1. **Feature flags decouple deployment from release.** We can change trading signal parameters 50 times a day without a single Worker deploy. This is the single biggest productivity win for a lean team.

2. **KV is surprisingly capable as a feature flag backend.** With sub-5ms read latency and global replication, Cloudflare Workers KV handles flag resolution at scale without dedicated infrastructure. For teams already on Workers, it’s essentially free.

3. **Segment-based assignment with consistent hashing is critical for valid A/B tests.** Without stable user-to-variant mapping, your results are noise. Our `assignVariant` function uses a simple hash that keeps users in their assigned bucket even as flag configs change.
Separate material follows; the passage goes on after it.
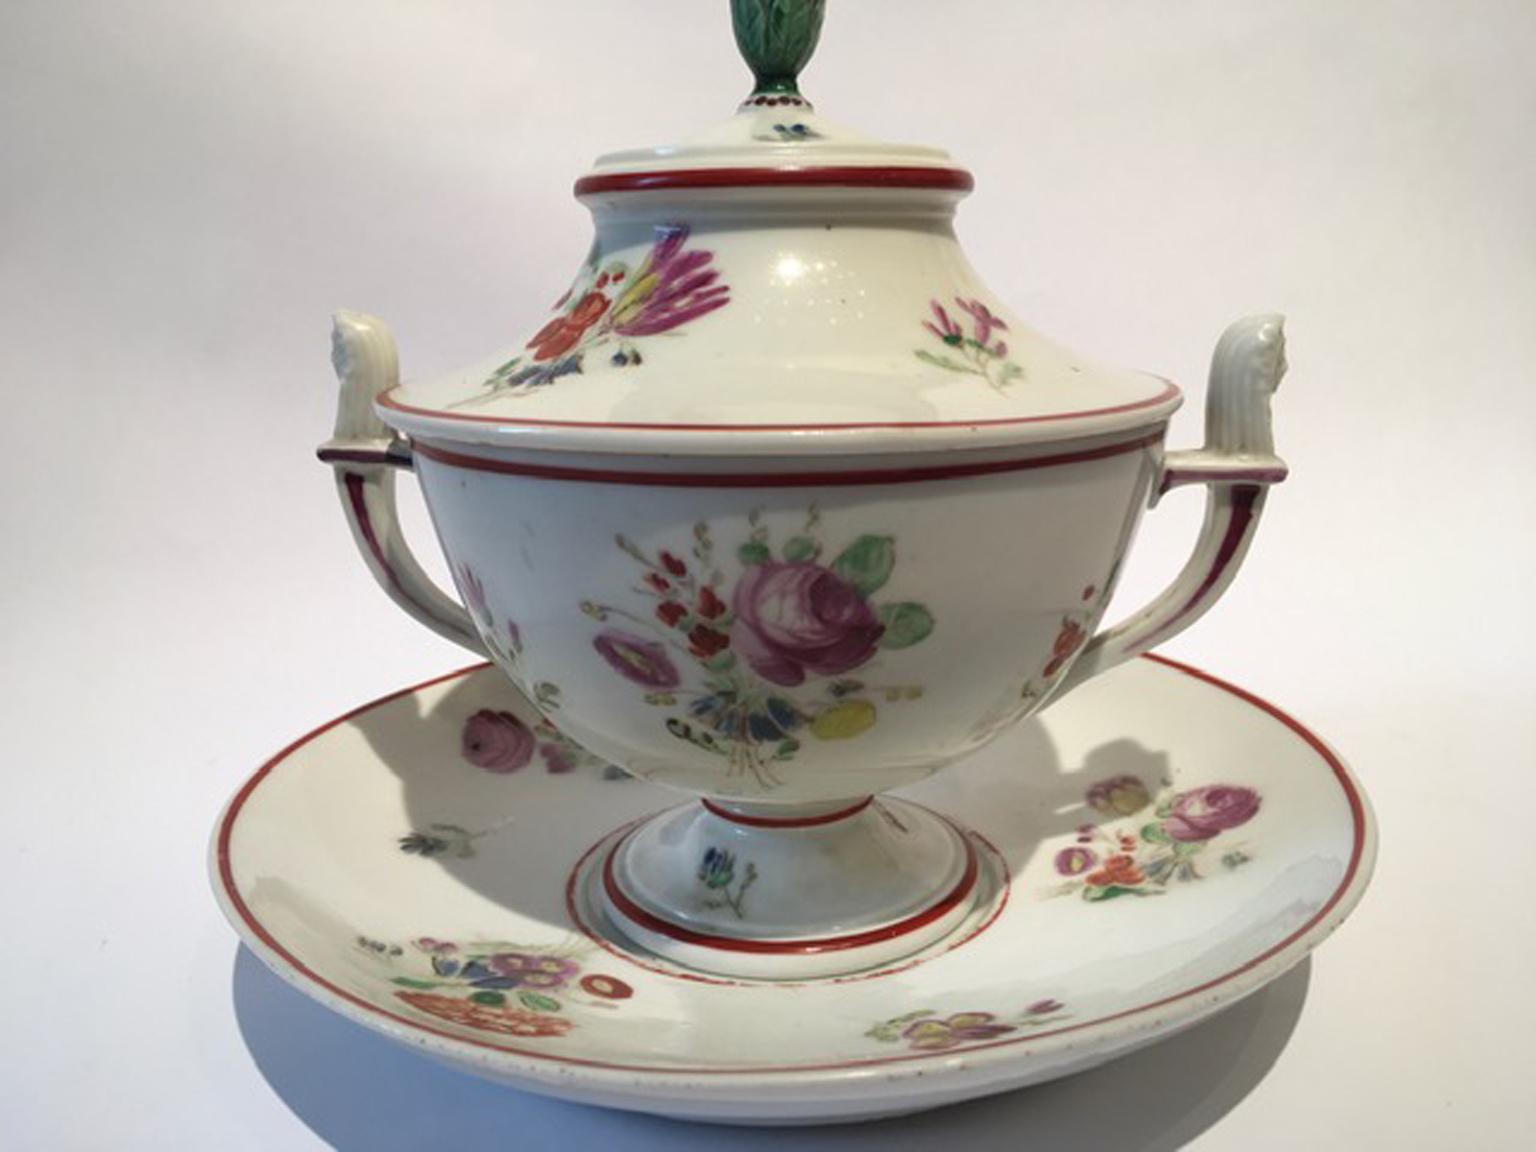 Italy 18th Century Richard Ginori Porcelain Sugar Bowl with Cover For Sale 9

4. **Let non-developers run experiments.** The Telegram `/setflag` command handler was the game-changer. Our product lead now runs A/B tests independently, which means more experiments, more data, and faster optimization cycles.

5. **Start small, measure everything.** We began with one flag (`signal-confidence-threshold`) and one metric (signal-to-trade conversion). Now we have 14 flags covering everything from UI copy variants to notification timing preferences. The pattern scales perfectly.